Just another .02 cents worth of my opinion, but I will not have anything to do with expandable broadheads.

To me there just another whistle and bell, and only have a partial use on arrows at over 300fps, (with set-up's with other problims , as arrows should not "plain" if the waight is forward) but I had heard too many stories of how they have opened in-flight (pine brouse or tree-twigs or a clumsy setting or notching of the arrow)

Another contriversy that I would flip a coin over, is there is a fallowing on how to sharpen broad-heads, there is some clout to leaving the eadge "in the white" or still with a burr, as opposed to "razor-sharp" ,,,,, The idea of the "burr" is that if the arrow will pass clean throu, a cut from an eadge left in the "white" will flow twice the blood and speed the kill?

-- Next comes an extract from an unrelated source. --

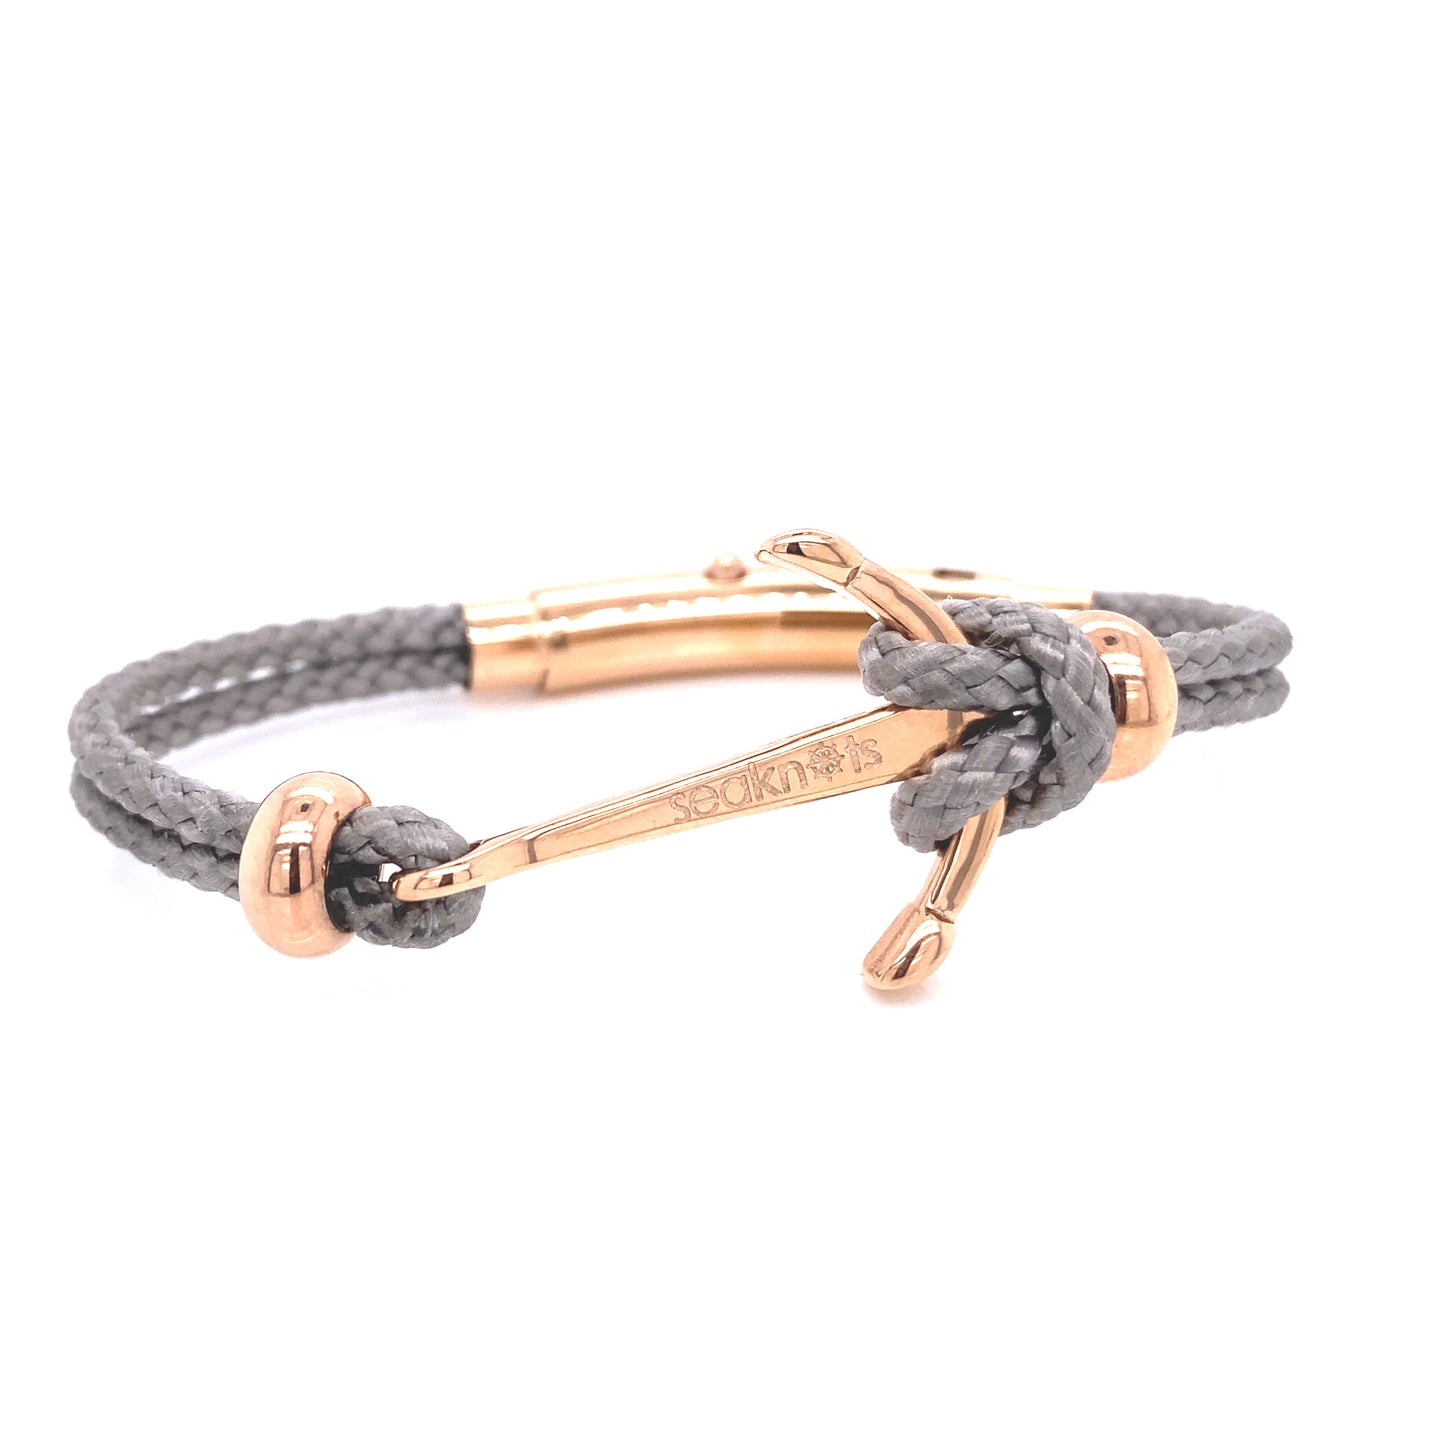 DOUBLE CORD W ANCHOR /KNOT/ BEADS | Seaknots | Luby

Have you shot "instinctive" before?


----------



## klickitatsacket (Jul 26, 2006)

BTW I also shoot instinctive but I am only good to about 30yrds (10" pattern) I met a guy a few years back that puts a serrated edge on all his broad heads. Has any one else ever heard of this? The concept seems valid but if it worked why do I not see manufacturers doing it?


----------



## ShoerFast (Jul 26, 2006)

klickitatsacket said:


> BTW I also shoot instinctive but I am only good to about 30yrds (10" pattern) I met a guy a few years back that puts a serrated edge on all his broad heads. Has any one else ever heard of this? The concept seems valid but if it worked why do I not see manufacturers doing it?



Dean

You can get broad-heads with serations, but a Plastic Sergon could explain why "razor" sharp will flow less blood then something "in the white"


----------



## Stumper (Jul 27, 2006)

I have used file sharpened and honed edges and gotten similar results. Which is best will probably be debated forever. So long as edges are sharp they will cut. One point though-proper file sharpening REMOVES the burr. If a burr is left it can fold over and impede cutting.


----------



## klickitatsacket (Jul 27, 2006)

doesn't filing leave micro seration?


----------



## Stumper (Jul 29, 2006)

Dean, Yes filing leave micro serrations an dit is myconviction thta a filed edge deals with green bone a bit better than a honed edge. Shoer's post was a little hard to follow but seemed to be in favor of leaving a burr. In most cases a burr left by filing of grinding is fragile enough to break a way and leave a moderately sharp edge behind but in some cases(depends upon steel alloy and filig procedure the "wire edge' or burr can fold over without breaking and suddenly the blade is simply dull as far as function goes. Proper technique with a file will remove the burr and leave a very sharp edge-in fact with the old glue-on Bear Razorhead or a Zwickey Eskimo I can get an edge that will shave hair with nothing but a bastard file. Some steels will get sharp with a file but require honing to cut hair easily.


----------



## 046 (Jul 29, 2006)

which hunt is that? did a google search can't find anything? 

I've got a life time hunting license and need to put in for all the special drawings.. sure like to win an elk tag...



okietreedude1 said:


> I got drawn in at McAlister AAP, Oct 13-15.


----------



## okietreedude1 (Aug 2, 2006)

Sorry guys to start the thread and leave....ive been in Minnesota at the ISA comp.

Stopped at cabelas in KC, KS today and came out w/ a PSE Impala. 50#@28", shooting tab, 12 carbon arrows, muzzy broadheads, field points, and a arm gaurd thing (more to compact your shirt sleeves).

This is my first time shooting a recurve.

046, go to www.wildlifedepartment.com and go to the controlled hunt section. Look for the McAlister AAP link. Theyve got some pics of harvested bucks and bucks roaming the area as well.

Now off to the practice range!


----------



## Marky Mark (Sep 10, 2006)

Bracken Berry Drifter is what I shoot, Port Oxford Cedar arrow with Zwicky Single blade Broadheads. 62# @ 28" The sharpening of broad heads is a debate like a chainsaw. I use the 2 mill Bastard files mounted in the oak block. 

Get your shooting down pat, then everymorning shoot one arrow, that's it. It will take a little time and patience to shoot asprins out of the air. But it can be done. Get yourself a cat quiver "back quiver" you can gary gear and arrows protected. Not to mention you be so off on your cant when shooting. 

www.kustomkingarchery.com

Also add the Fred Asbel book


----------